[Your assignment]
Nothing but the pictures should be dropped; repeat the rest of the data below exactly.

[Collected material]
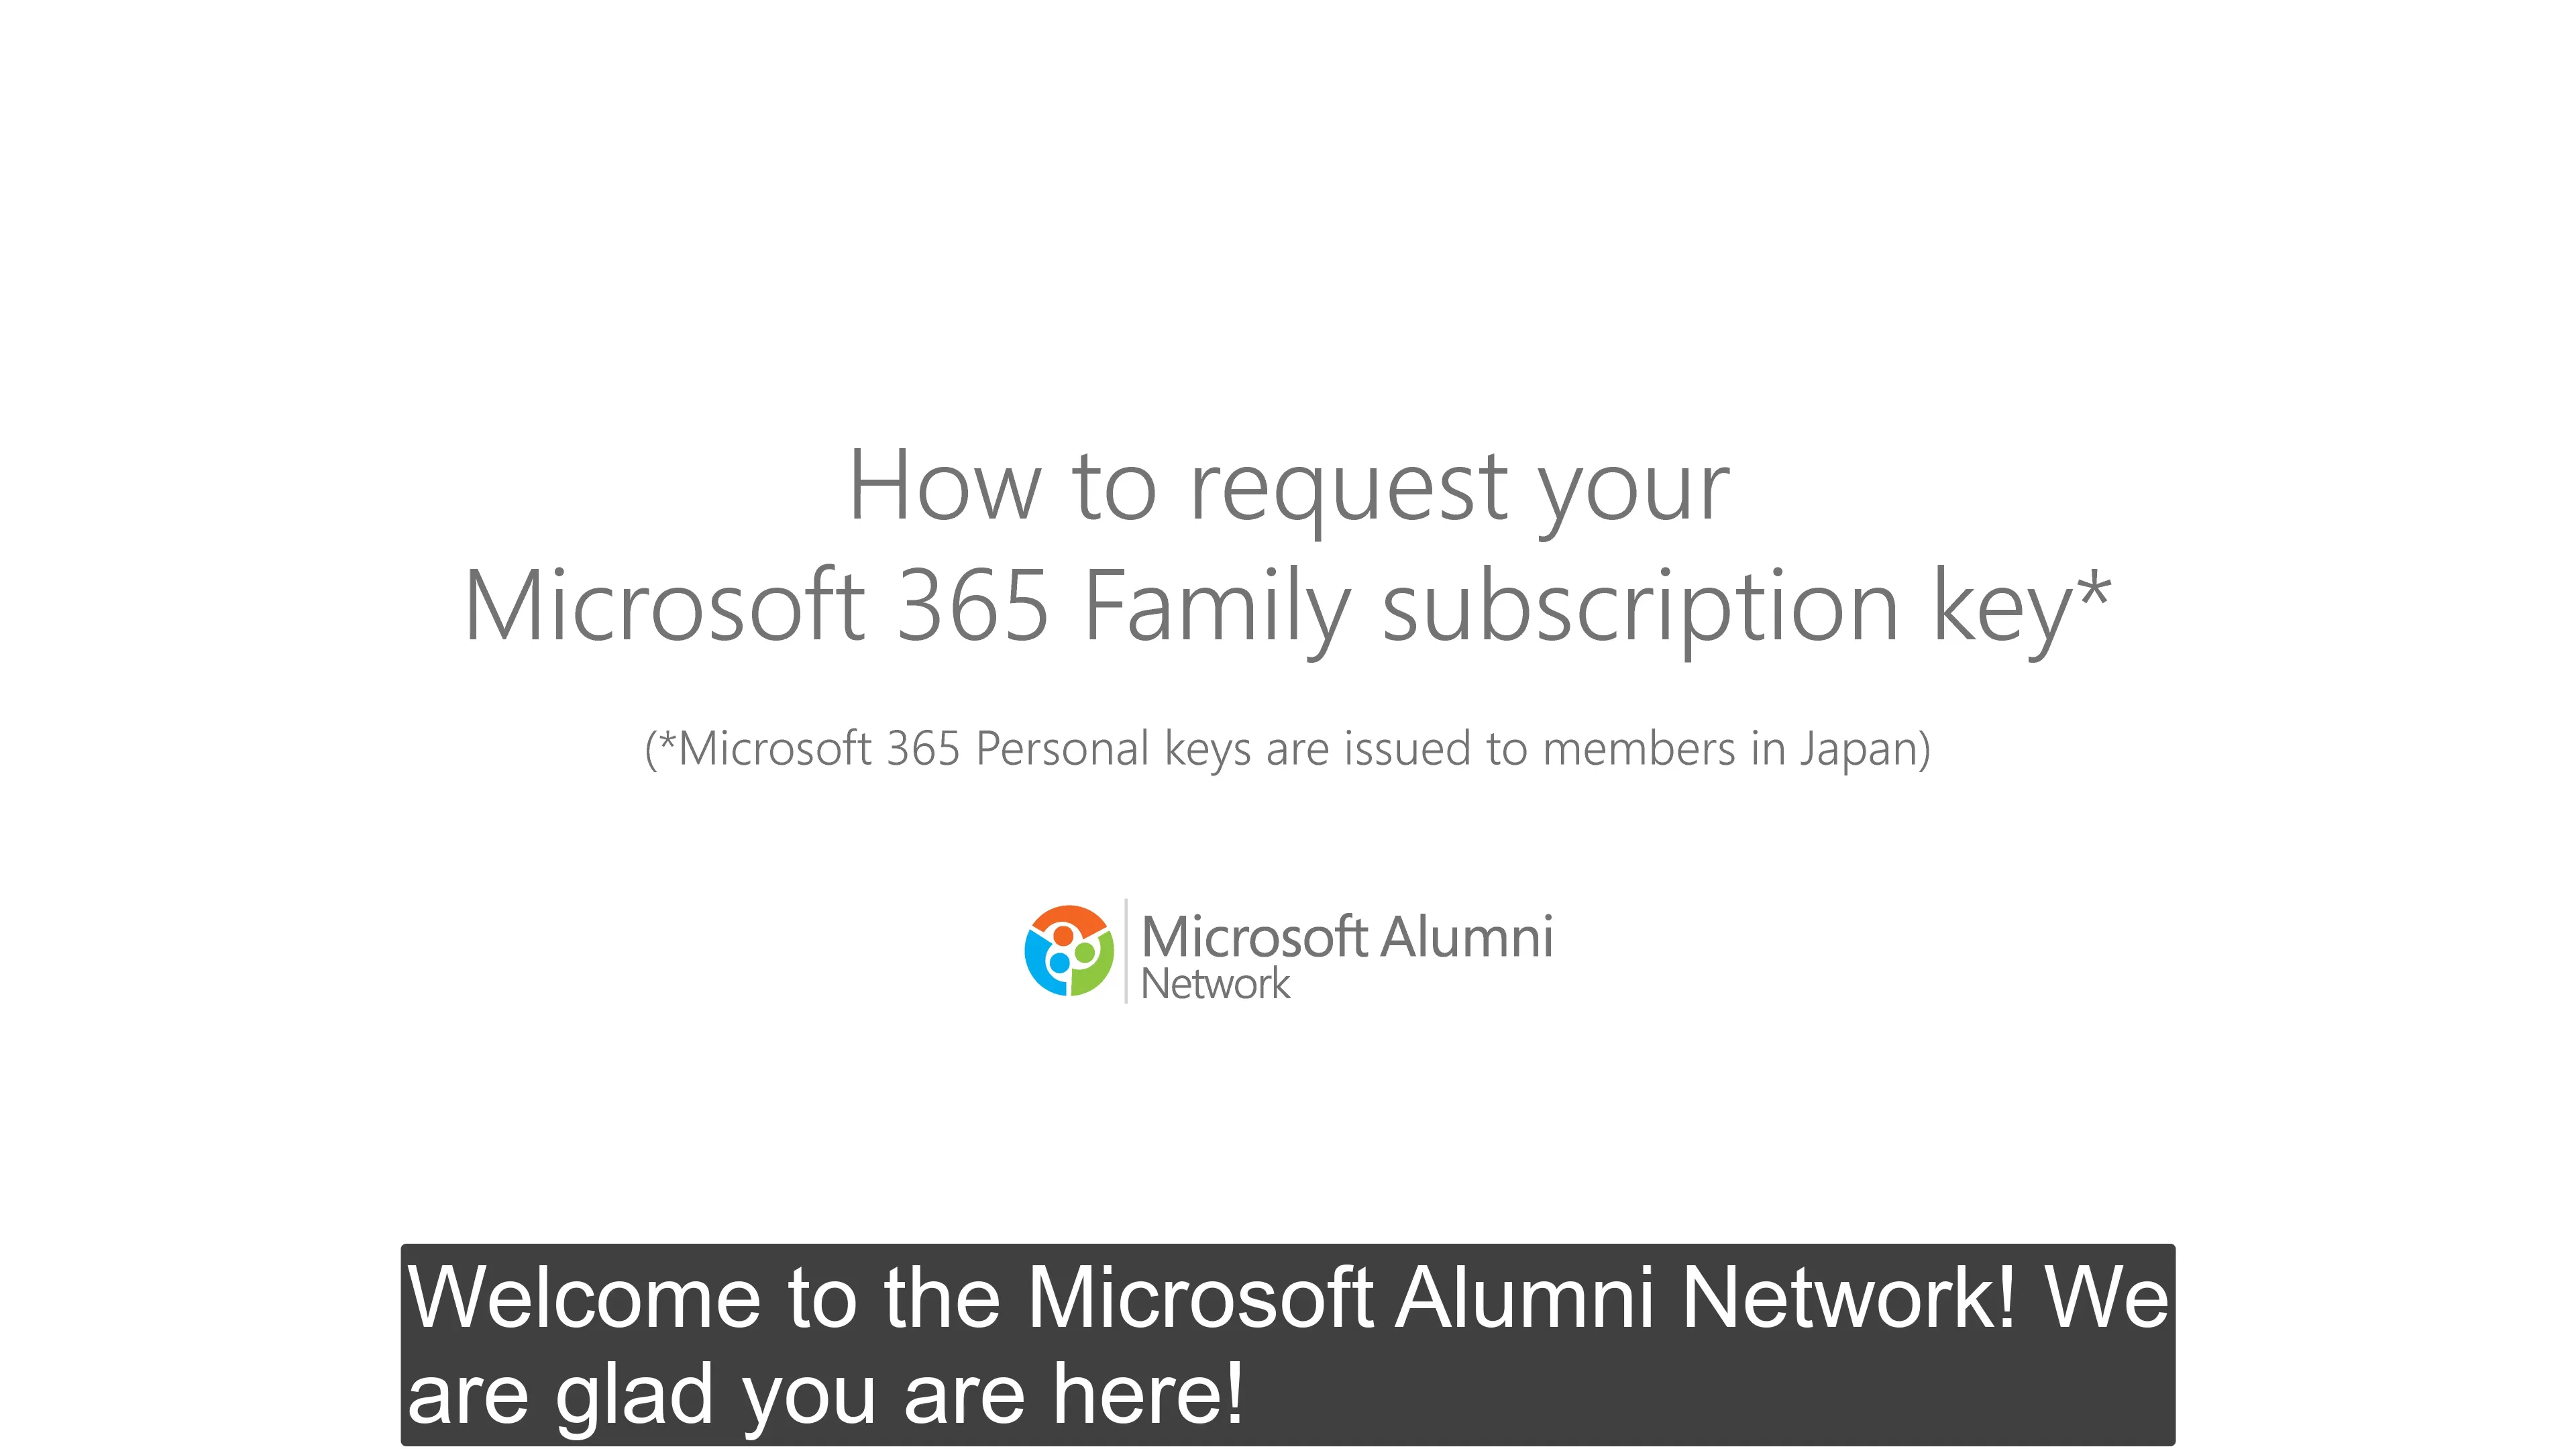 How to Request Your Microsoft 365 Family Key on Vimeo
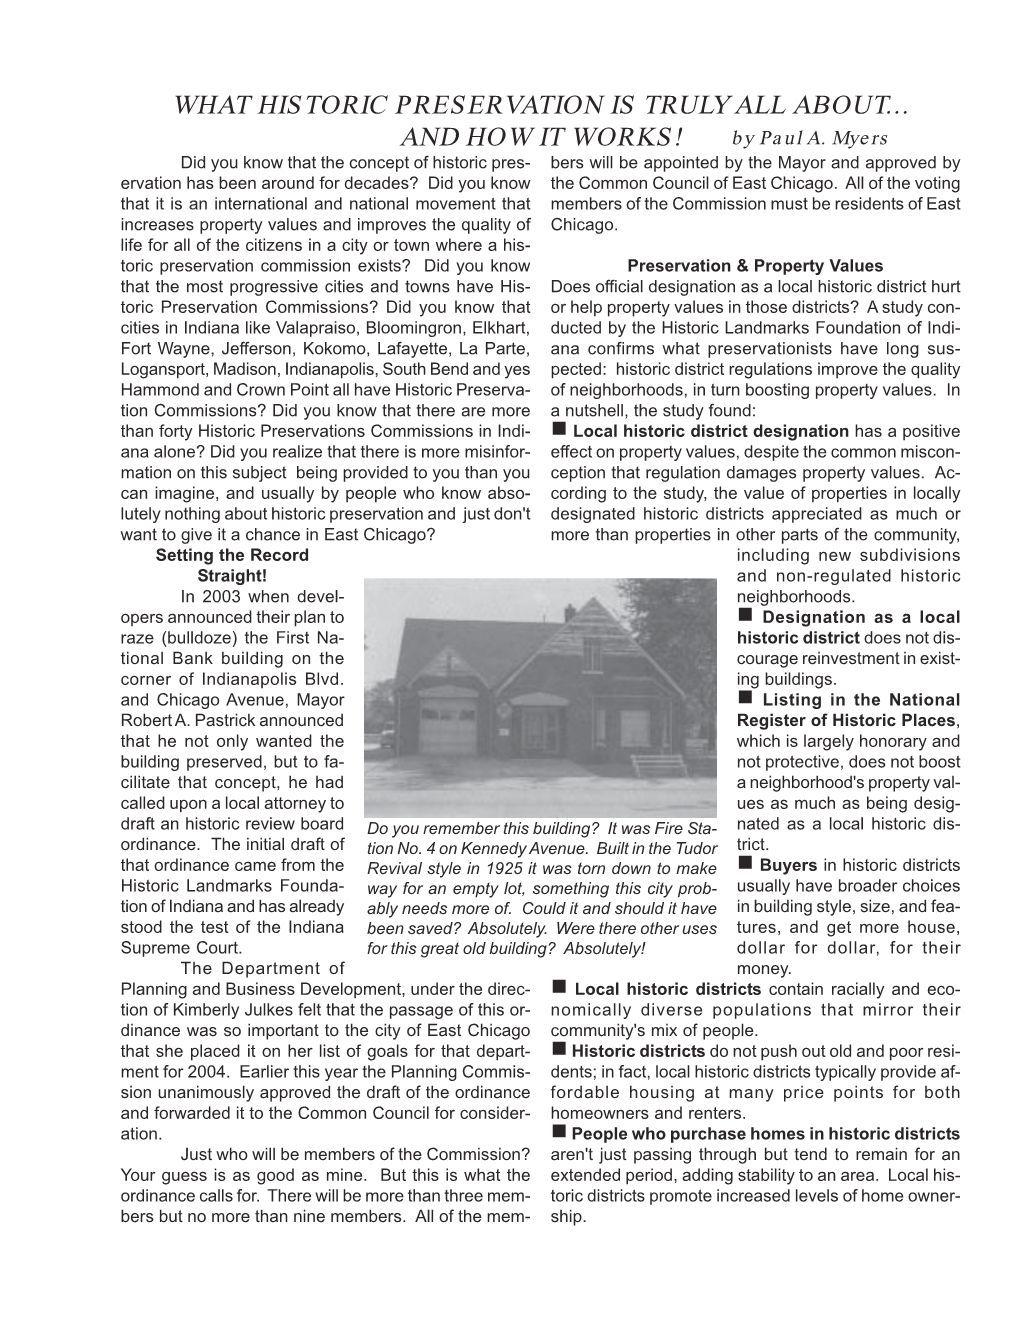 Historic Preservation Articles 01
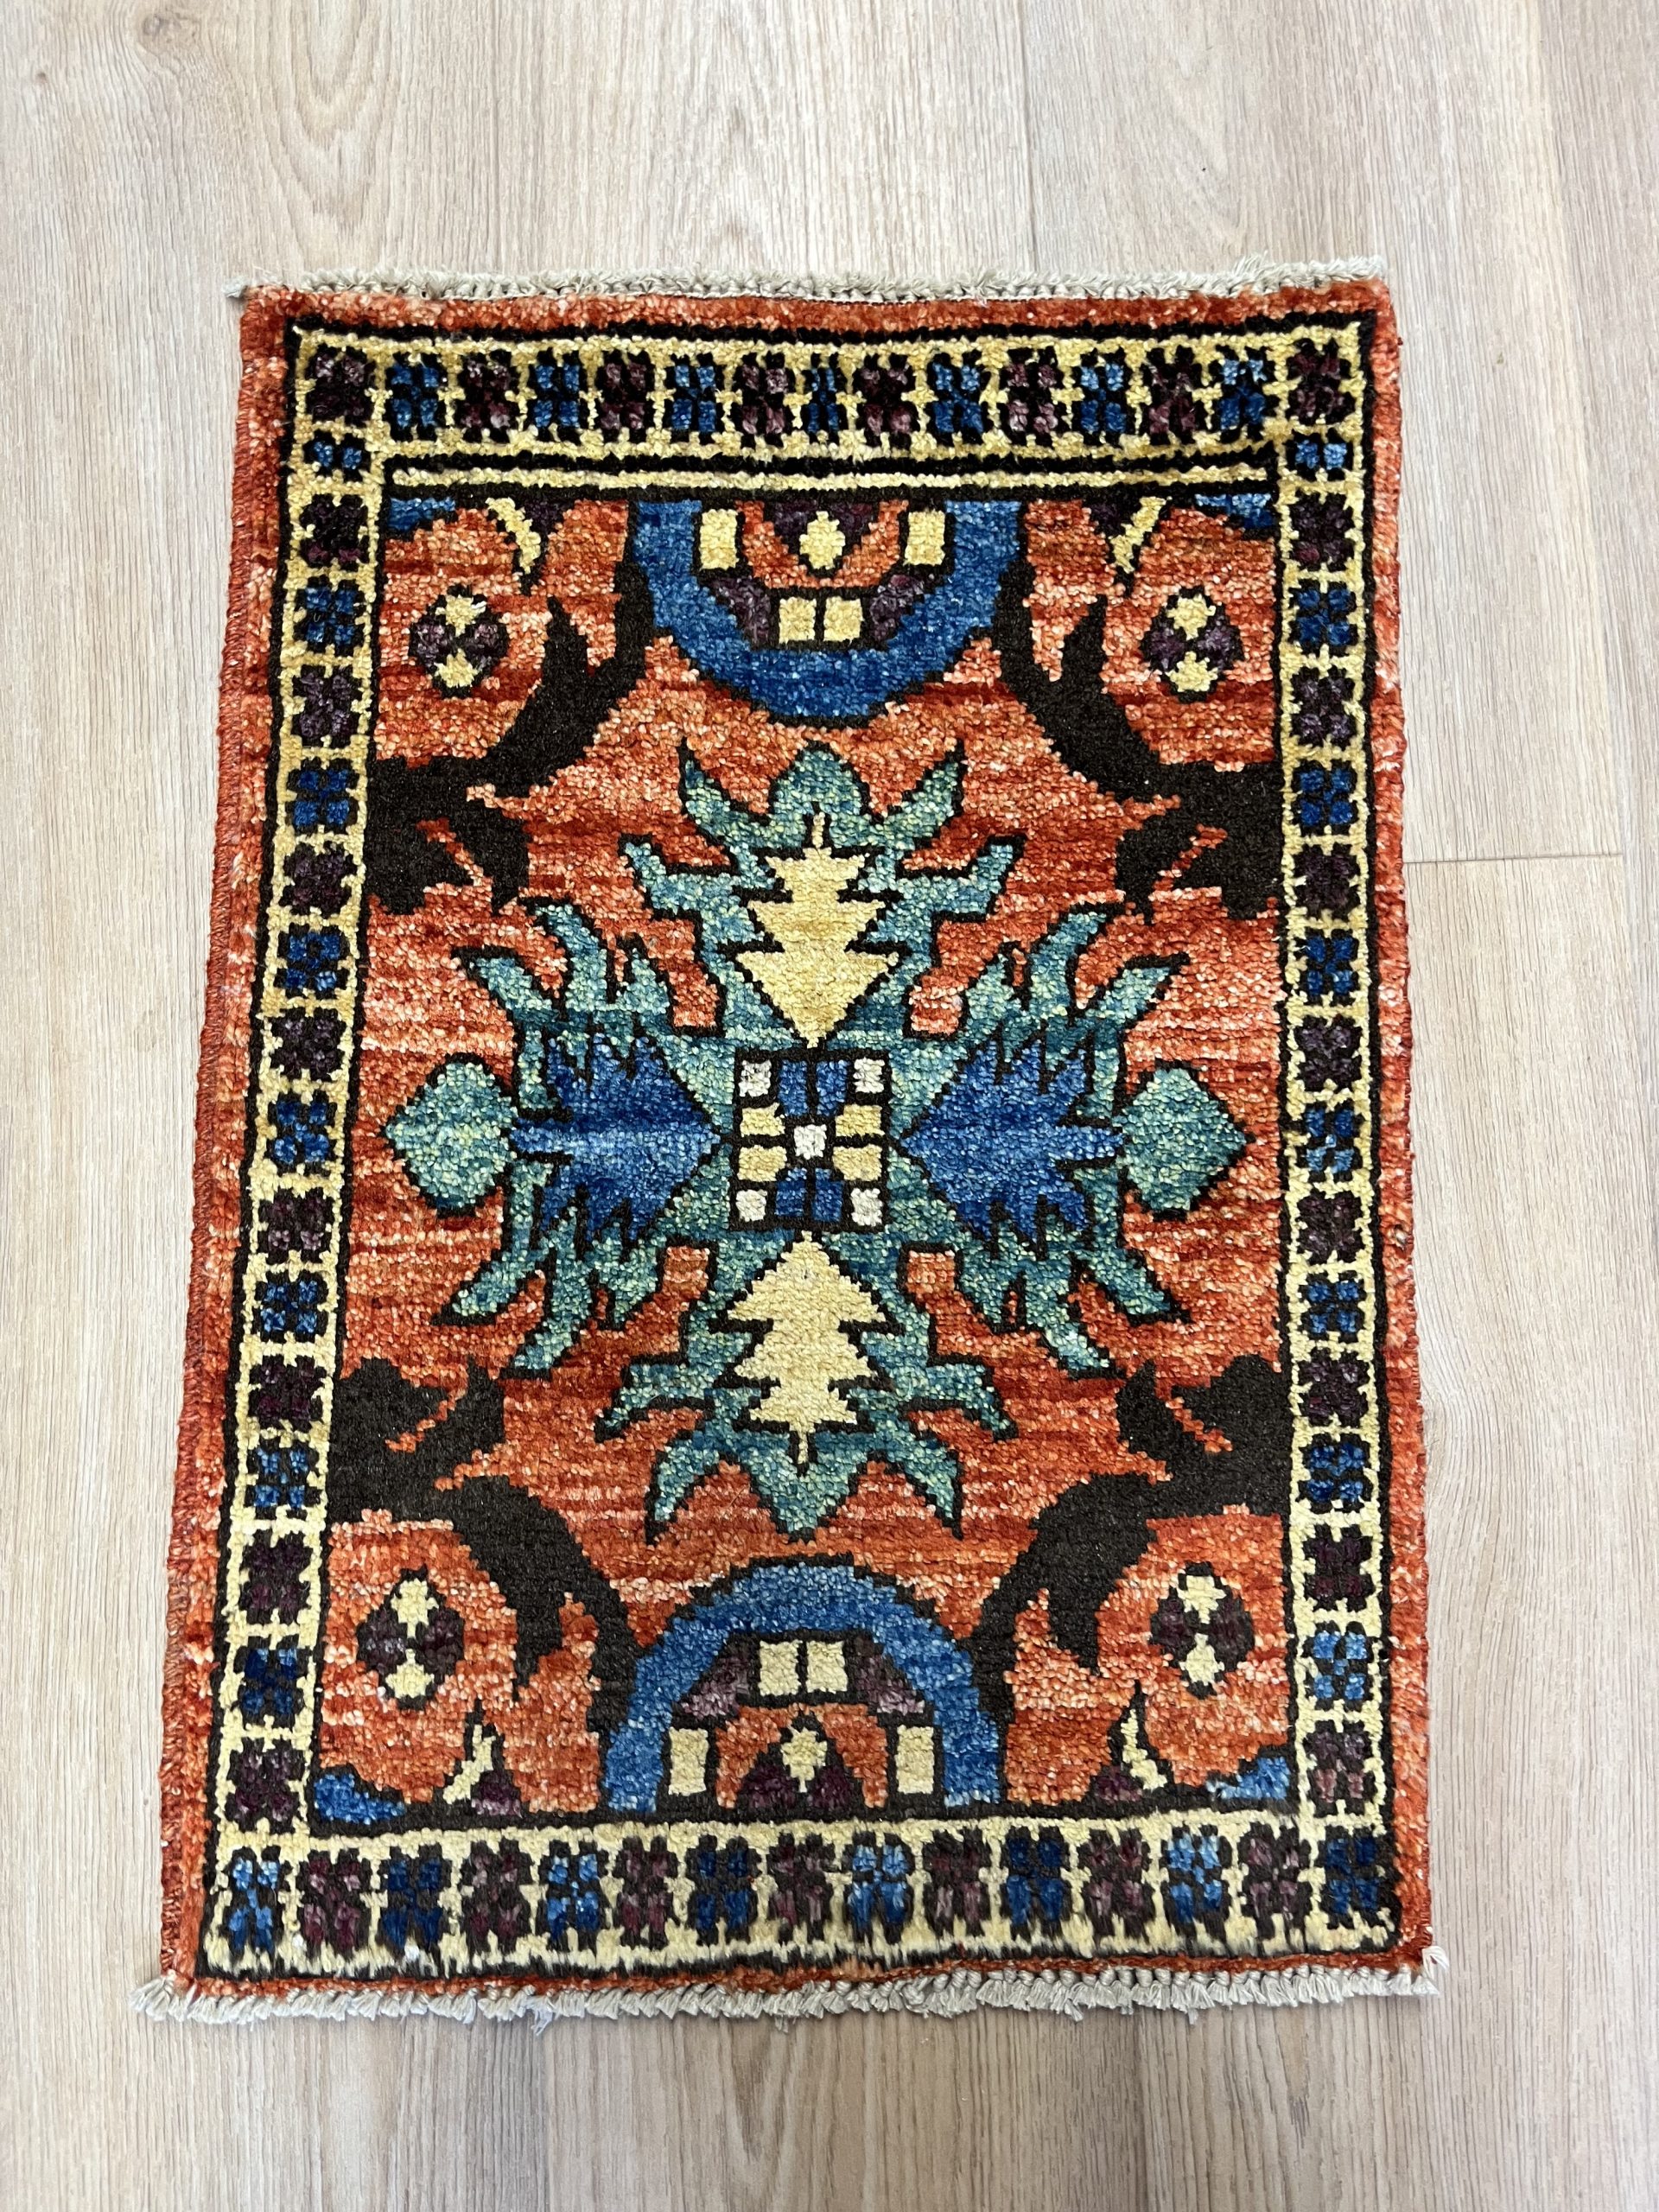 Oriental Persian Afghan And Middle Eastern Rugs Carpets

[Written solution]
 How to Request Your Microsoft 365 Family Key on Vimeo
 Historic Preservation Articles 01
 Oriental Persian Afghan And Middle Eastern Rugs Carpets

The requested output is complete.